The interactive app shares stories of the land as you make your way along new Wild South Coast Way walk on the Heysen Trail which runs between Cape Jervis and Victor Harbor on the Fleurieu Peninsula.
The app showcases Ramindjeri and Ngarrindjeri stories, with contributors including Ramindjeri Elder Mark Koolmatrie, Ngarrindjeri linguist and artist Kyla McHughes and grandson of the late Ramindjeri Elder Henry Rankine, Jamie Rankine.
Together, they provide a traditional welcome and farewell to Ramindjeri Ruwi country as well as reflections and meditations on traditional life.
The app also includes recordings of the Ngurunderi creation story of Kondoli: Keeper of Fire and the Wururi (huntsman spider) creation story.
National Parks and Wildlife Service rangers Paul Unsworth, Genki Kondo and Coral Marsden also feature on the tour, providing insights on the unique plants, animals and experiences along the trail.
To access the self-guided audio tour simply download the SA National Parks Tours app before departing.

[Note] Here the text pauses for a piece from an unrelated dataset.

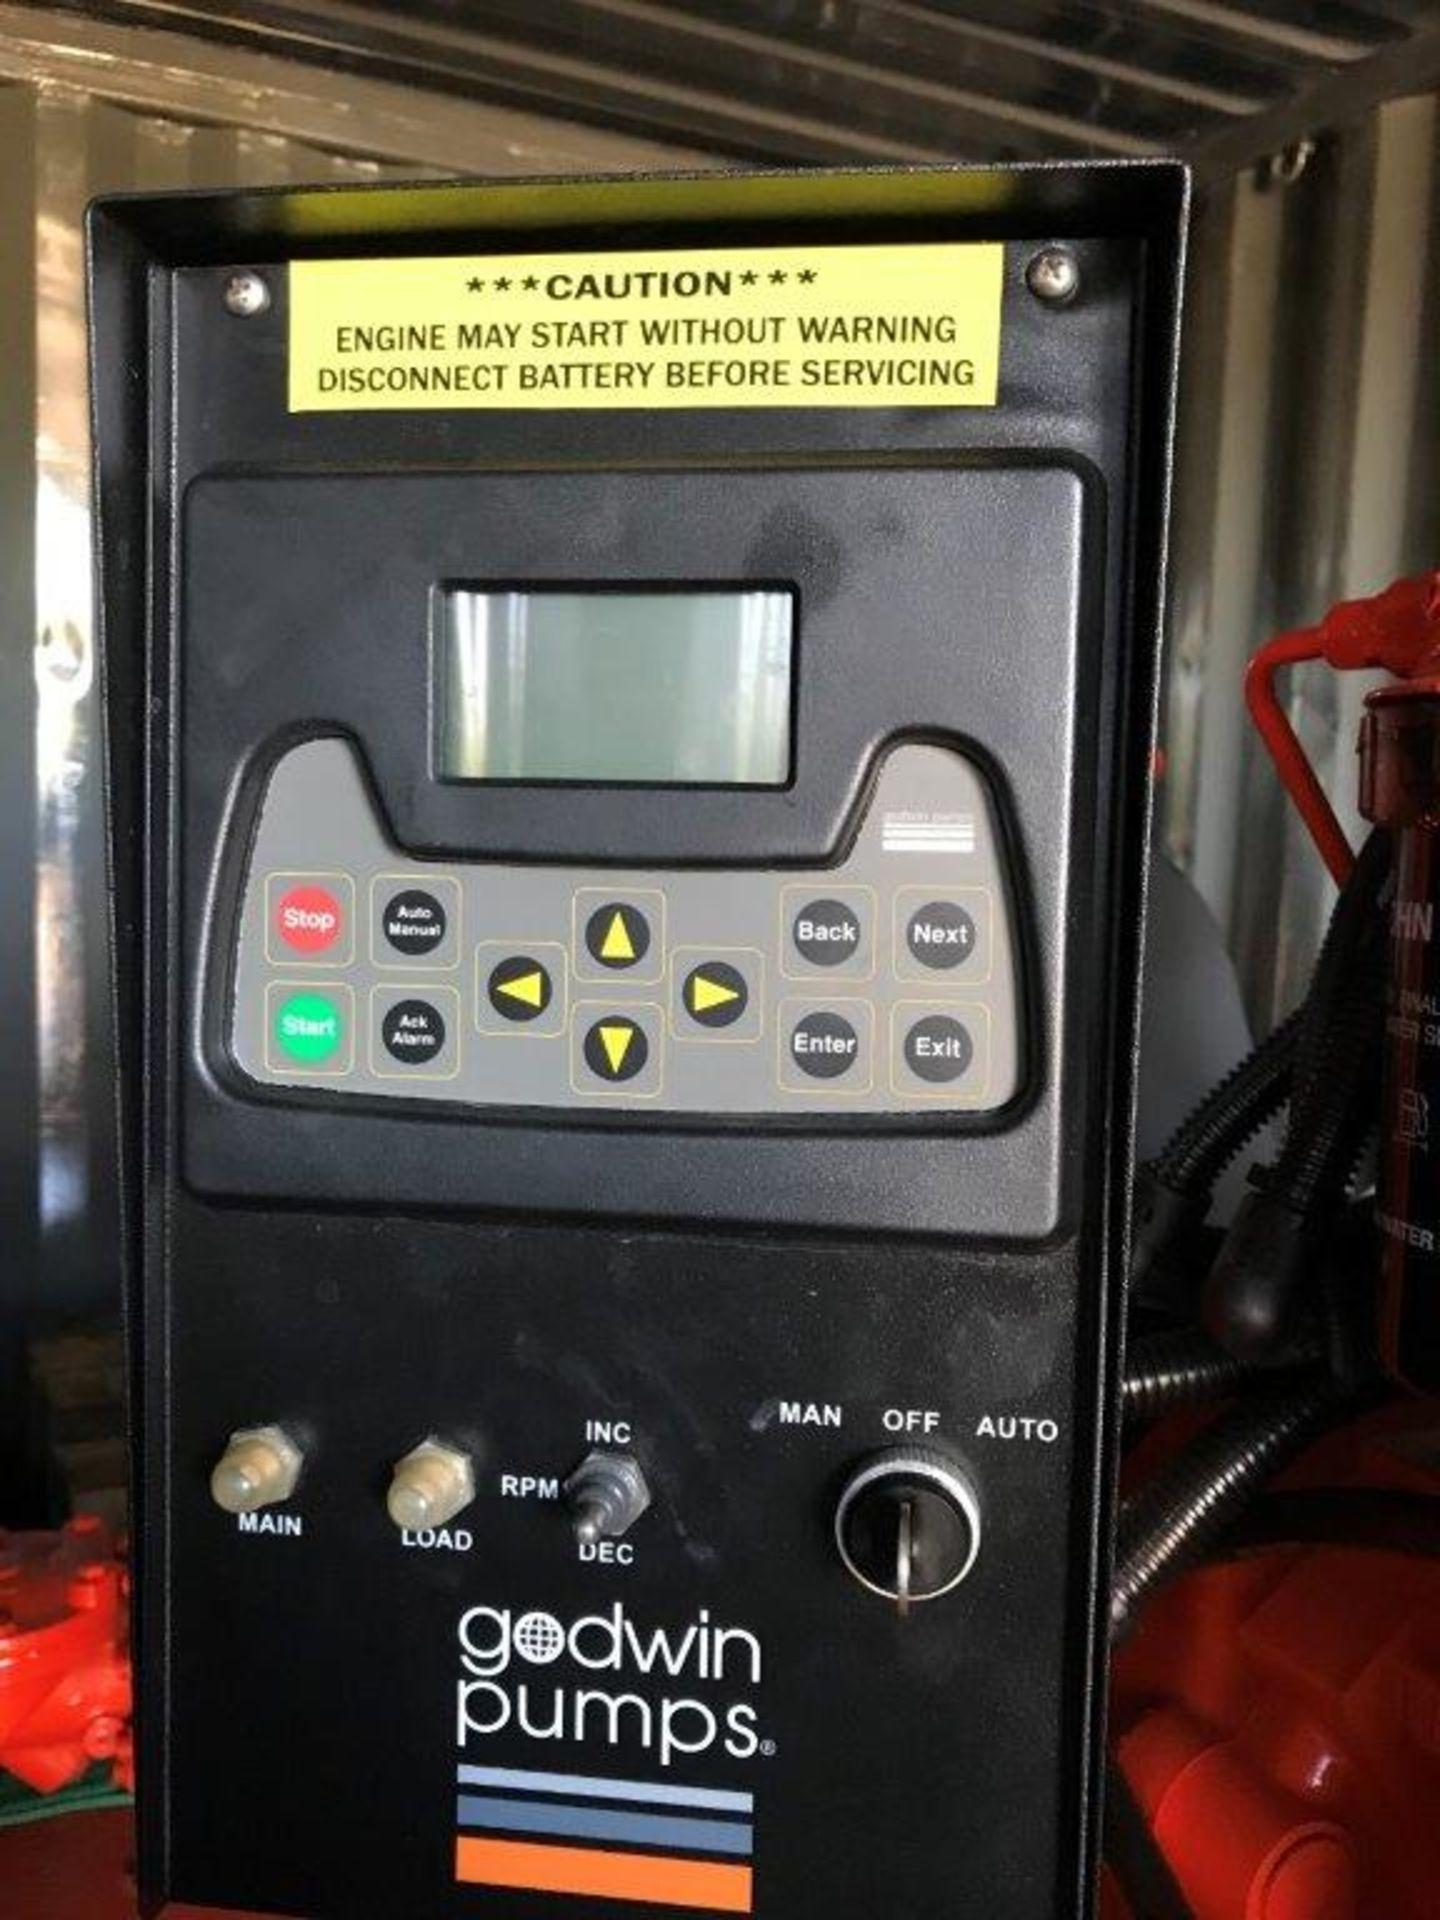 GODWIN DRI-PRIME INJECTION PUMP, MODEL HL110M, W/ JOHN DEERE 6.8 L DIESEL ENGINE, 156 HP, MODEL - Image 3 of 6
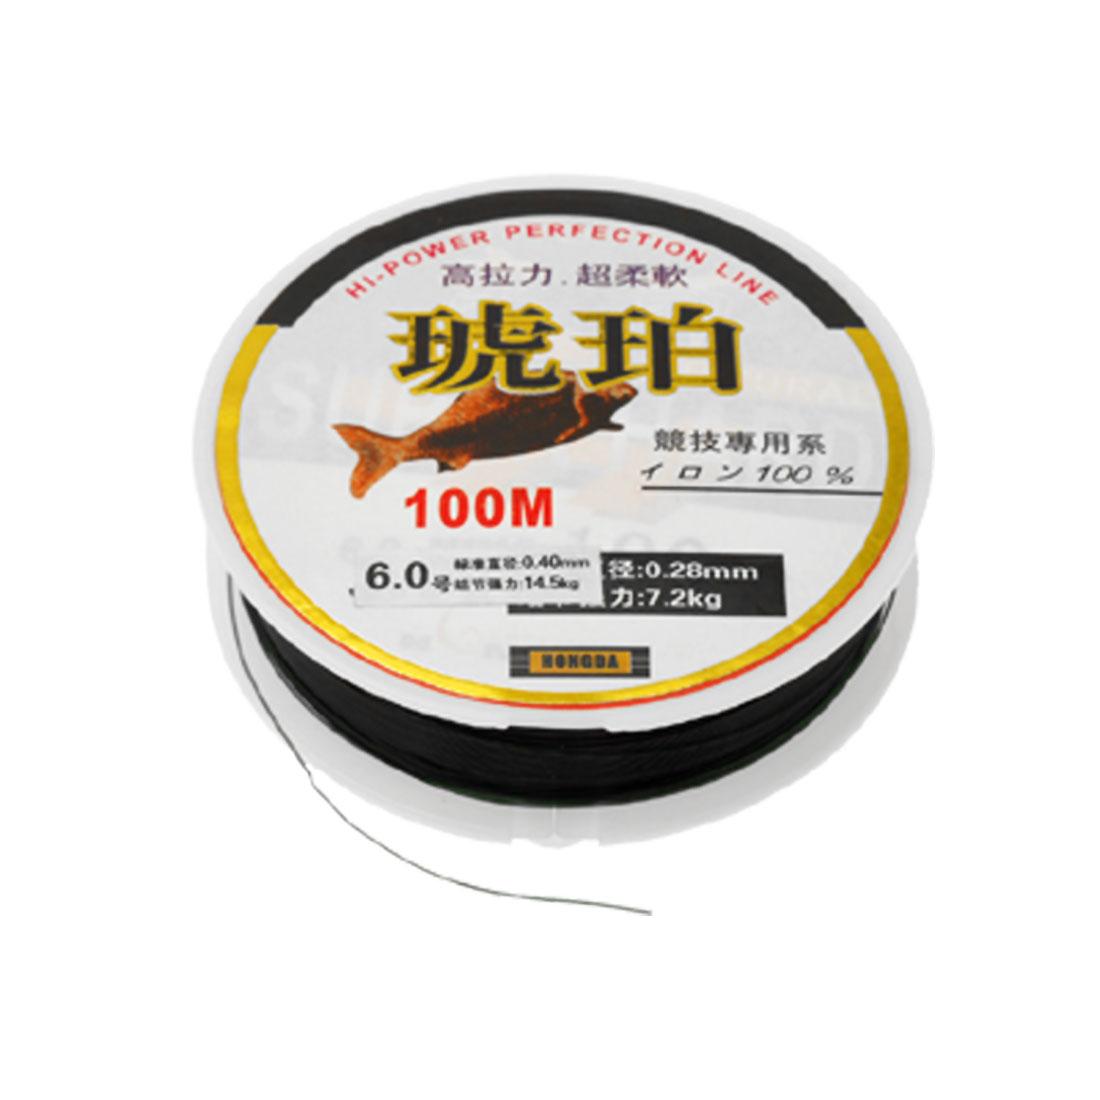 Black 100M Fishing Line Size 0.40mm 14.5Kg

It is also contains the largest repository of freely accessible audio recordings of Ngarrindjeri language.
The app uses technology built into a walker’s mobile device to deliver curated content suited to the walker’s location on the trail. Walkers can opt-in to alerts for when content is available.
Options for visually or hearing impaired visitors include voiceover, audio transcripts and image descriptions. Multilingual support is also provided, with 27 languages supported.
The project was made possible by working closely with the Ngarrindjeri Aboriginal Corporation (NAC) and Ramindjeri and Ngarrindjeri artists.
Kool Tours Founder Mark Koolmatrie said in the past, a lot of language, stories and knowledge has been lost or watered down.
"This project has brought some of what has been lost back to life," he said.
"It has brought our identity to the forefront. It has strengthened me and my family, and I know it will do the same for our people, because it is a celebration of who we are. I’m incredibly proud of everyone who has helped to create such a rich record of
Ramindjeri and Ngarrindjeri language and stories.
"The app allows us to honour our oral tradition of sharing stories in a way that connects with people in today’s world. It’s exciting to think of the generations of people that will hear these stories and experience language on Ramindjeri Ruwi.
"I hope that the app helps walkers engage in mi:wi kungulun (deep listening and reflecting) while on Ramindjeri Ruwi. This is the foundation for a strong connection to Ruwi, to self and to others. This is truly walking in the footsteps of our ancestors."